この真相は2017年に、外交文書の公開で明らかにされた。「既に戦争の話は出なかった旨否定しているので、否定の態度を続けるつもりである」との宮内庁の方針が記載されていた。あの会見で、昭和天皇はフィリピン側の発表通り、謝罪されていたのである。
戦争の話題を避けるよう天皇に求めた外務省
さらに公開文書から、外務省がアキノ大統領との会見をめぐり、「第二次世界大戦について積極的にお触れにならない方が適当」という意見書を作り、昭和天皇に戦争の話題を避けるように求めたことも明らかになった。また、外務省はフィリピン側に「天皇との会見内容は外部に漏らさないのが慣習だ」と申し入れていた。

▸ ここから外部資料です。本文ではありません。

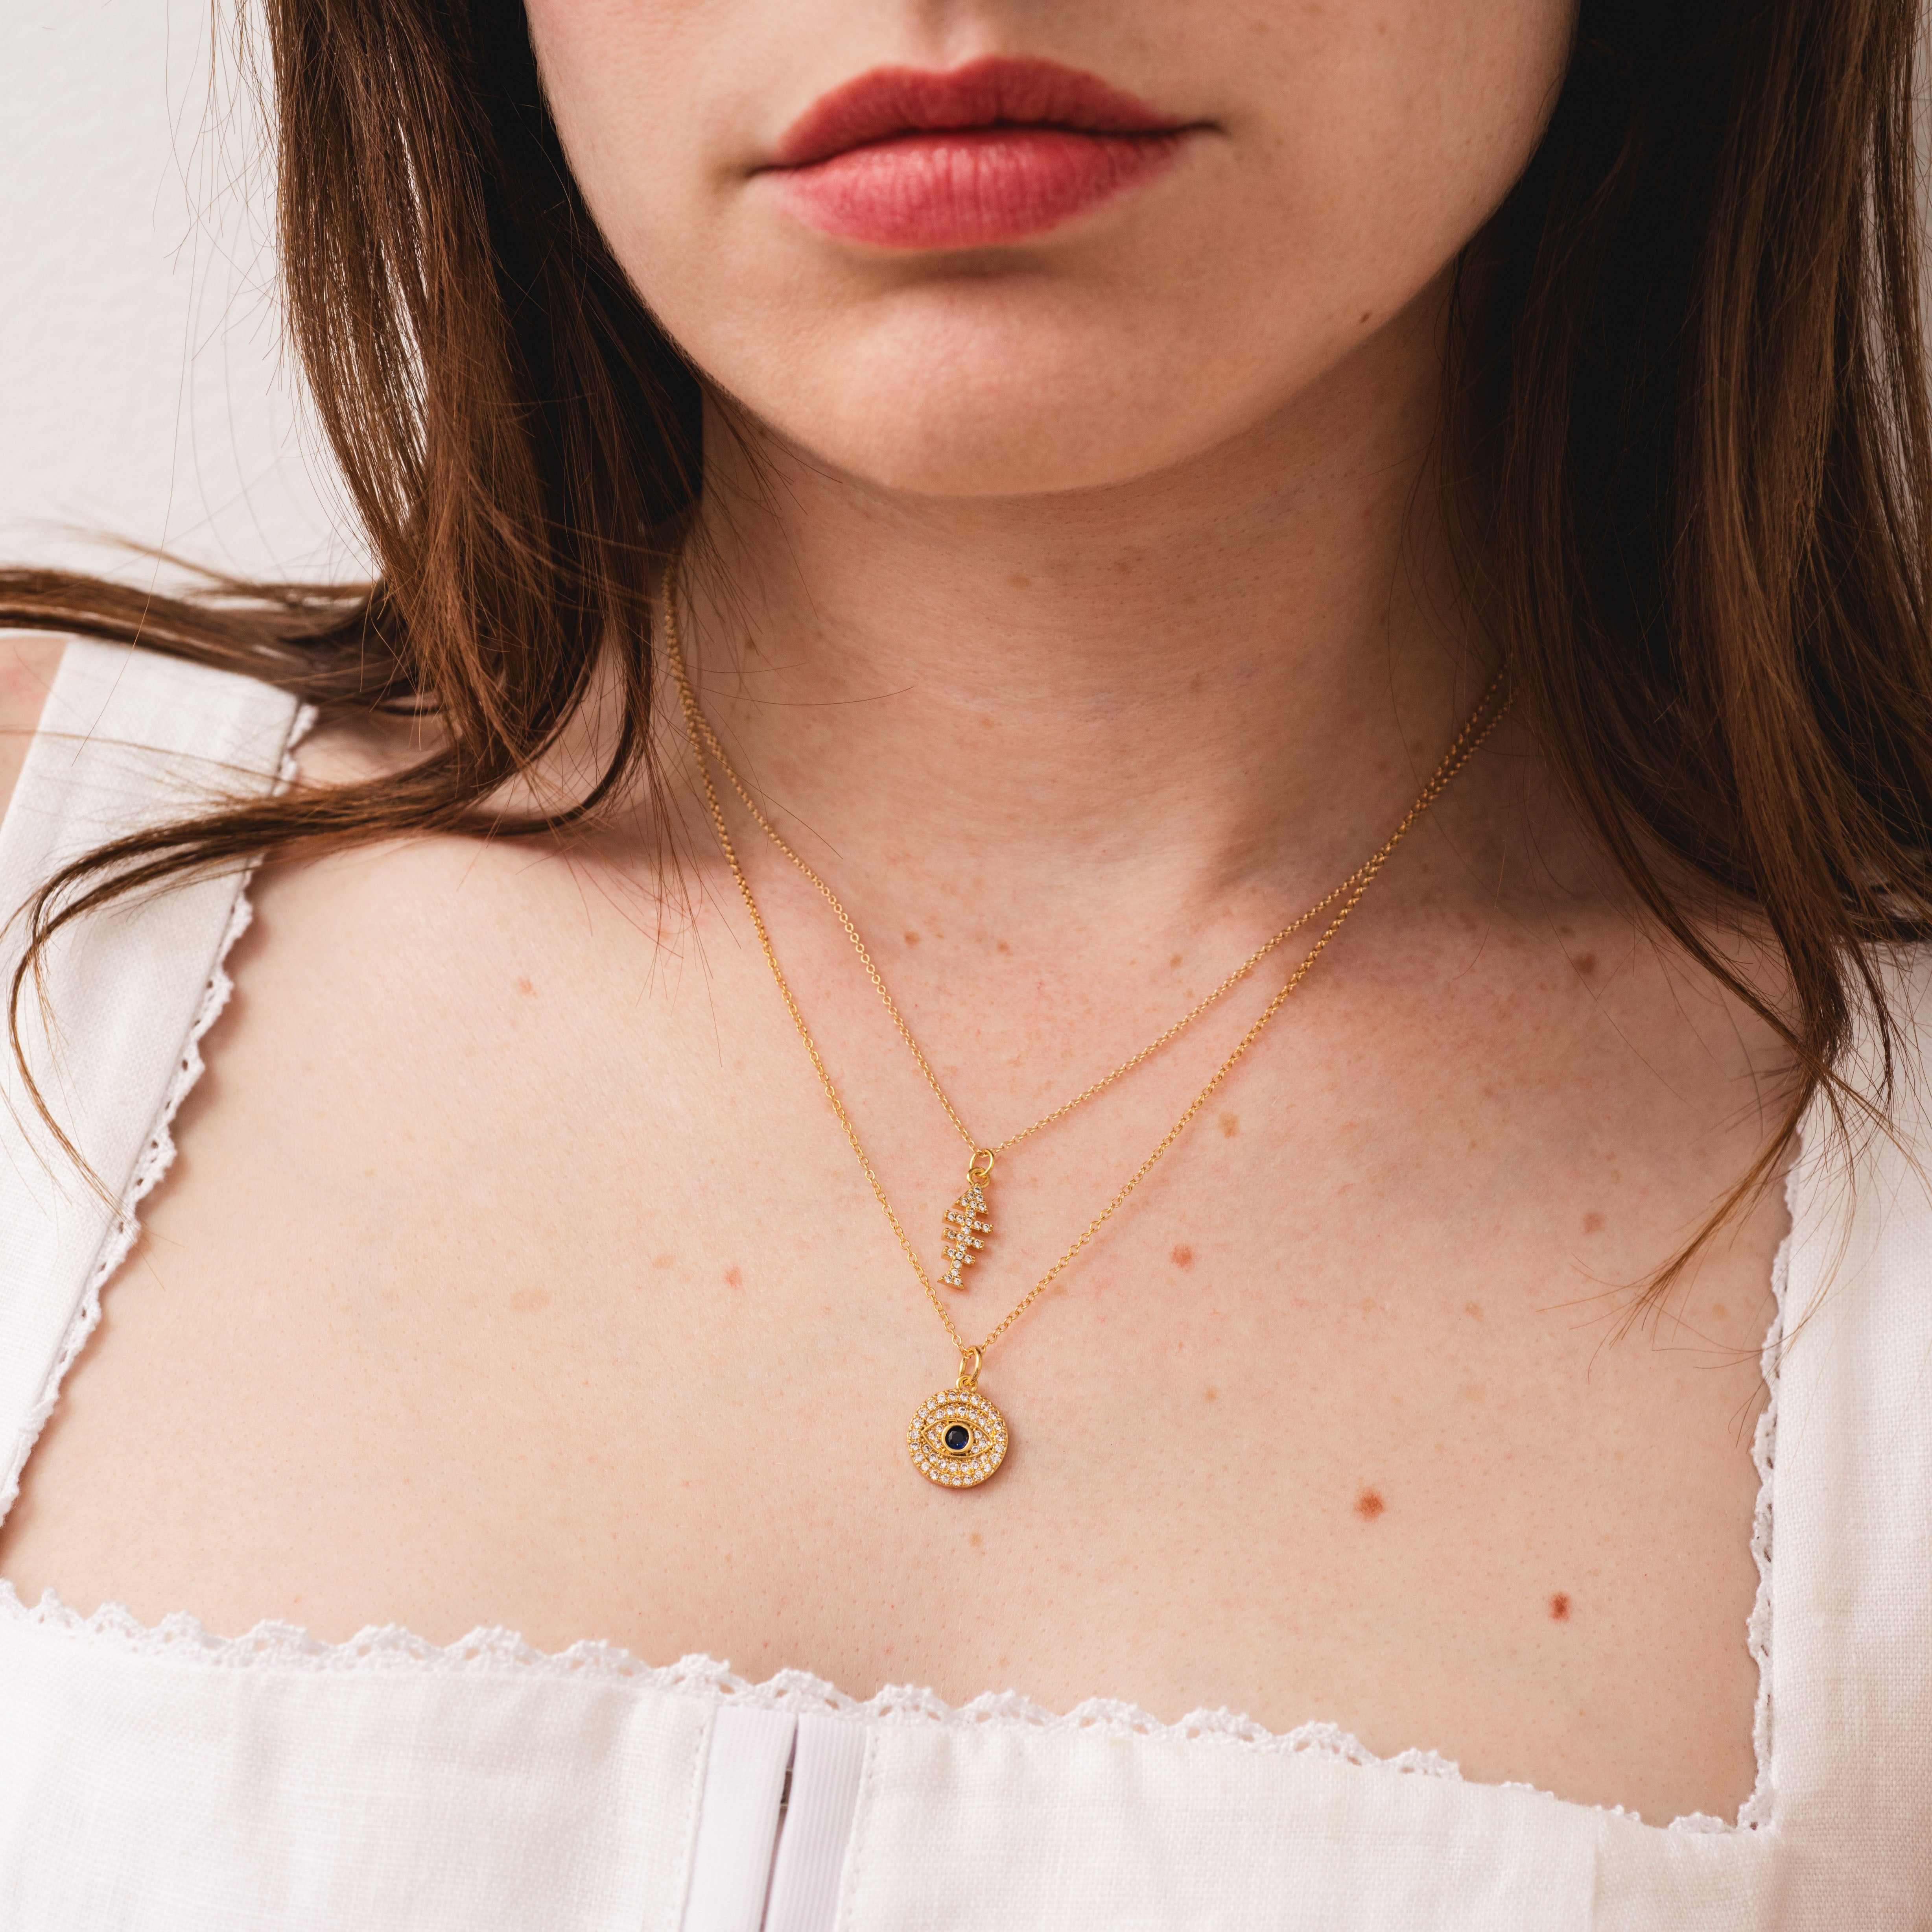 Akela necklace - Necklaces - Our Little Beauties - adepte store

フィリピンは太平洋戦争で日米両軍が激突する戦場となり、多くの市民が犠牲になった。日本人犠牲者は約51万8000人と、地域別では中国より多く最多、フィリピン人も市街戦に巻き込まれ、全人口の約7%の111万人が死んだ。昭和天皇はこのことを新大統領に、心から謝罪していたのだ。

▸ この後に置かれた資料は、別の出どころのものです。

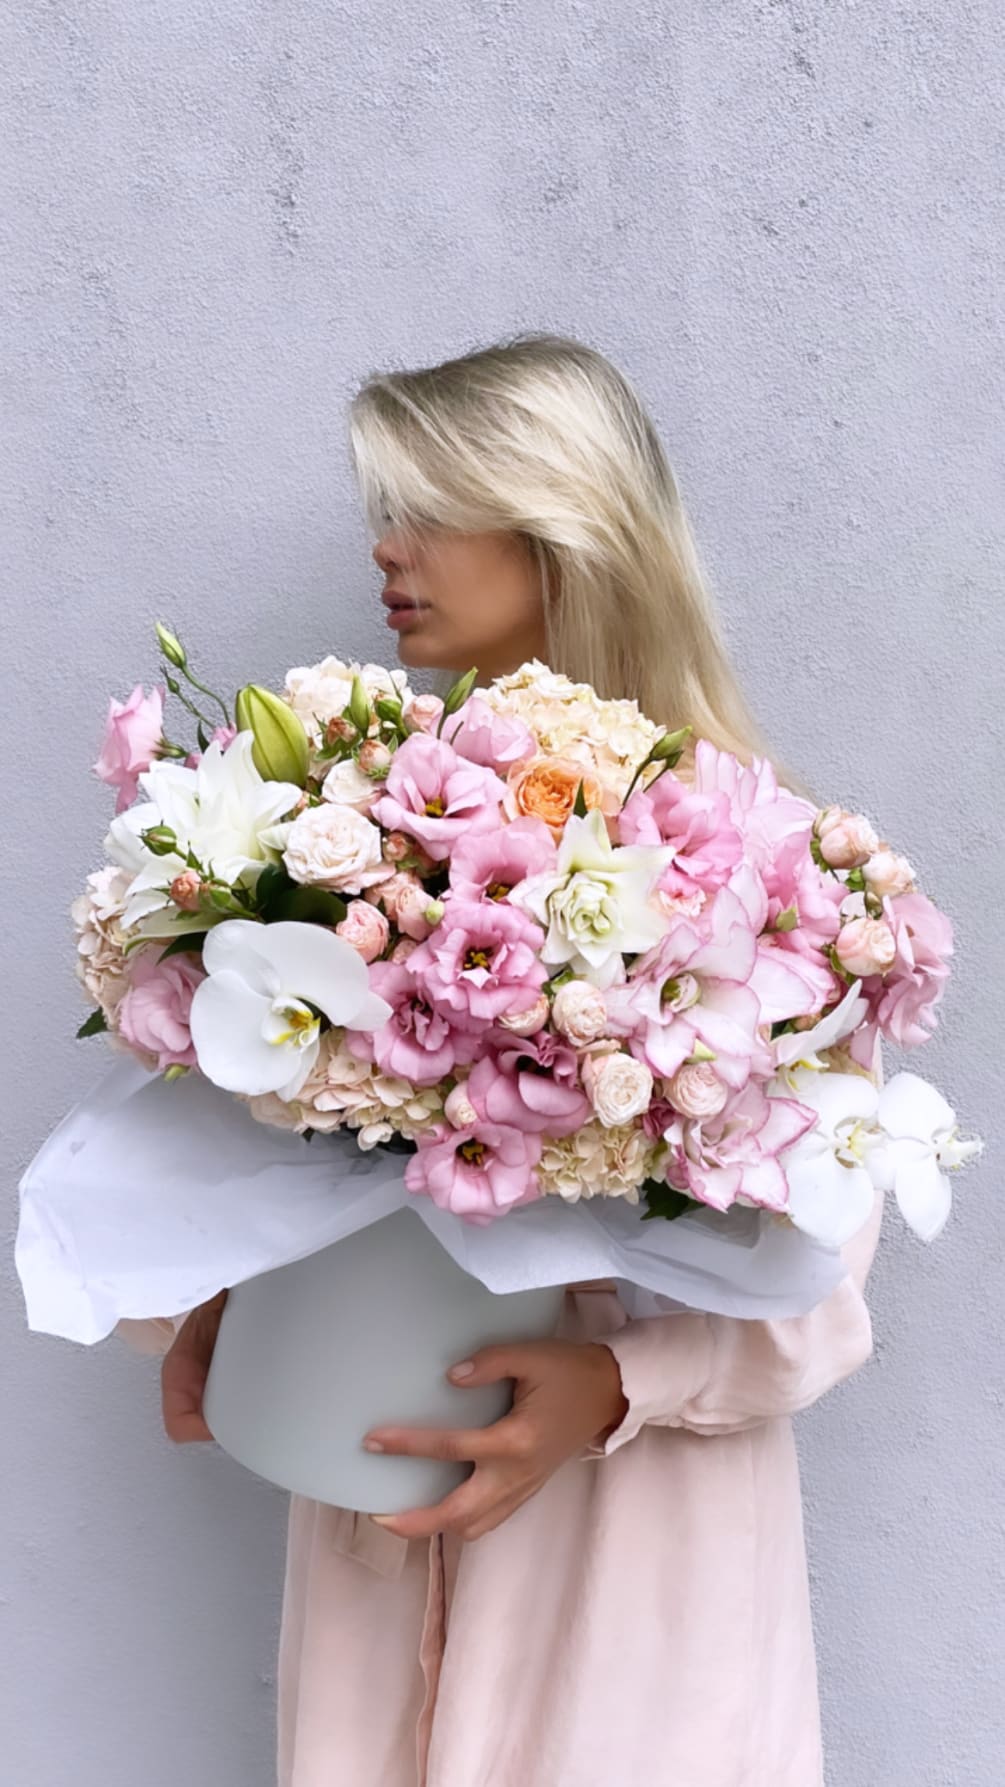 Beautiful and amazing flower arrangement in pale pink flowers

平成の陛下(上皇さま)は亡き父の心を継いで、2016年に海外での「慰霊の旅」としてフィリピンを訪問。日比両国の戦没者の墓碑に拝礼された。そして、現地での晩餐会で「(先の大戦では)貴国内において日米両国間の熾烈な戦闘が行われ、貴国の多くの人が命を失い、傷つきました。このことは、私ども日本人が決して忘れてはならないことであり――」と述べられた。その内容は、昭和天皇がアキノ大統領に語ったものと同じ趣旨だったのではないか。
平成の陛下は、全国戦没者追悼式で、父がこだわったあの「反省」を4年前から使われるようになり、それが現陛下に引き継がれた。平和国家日本の「象徴」が3代にわたって「反省」にこだわる意味を教えられた夏だった。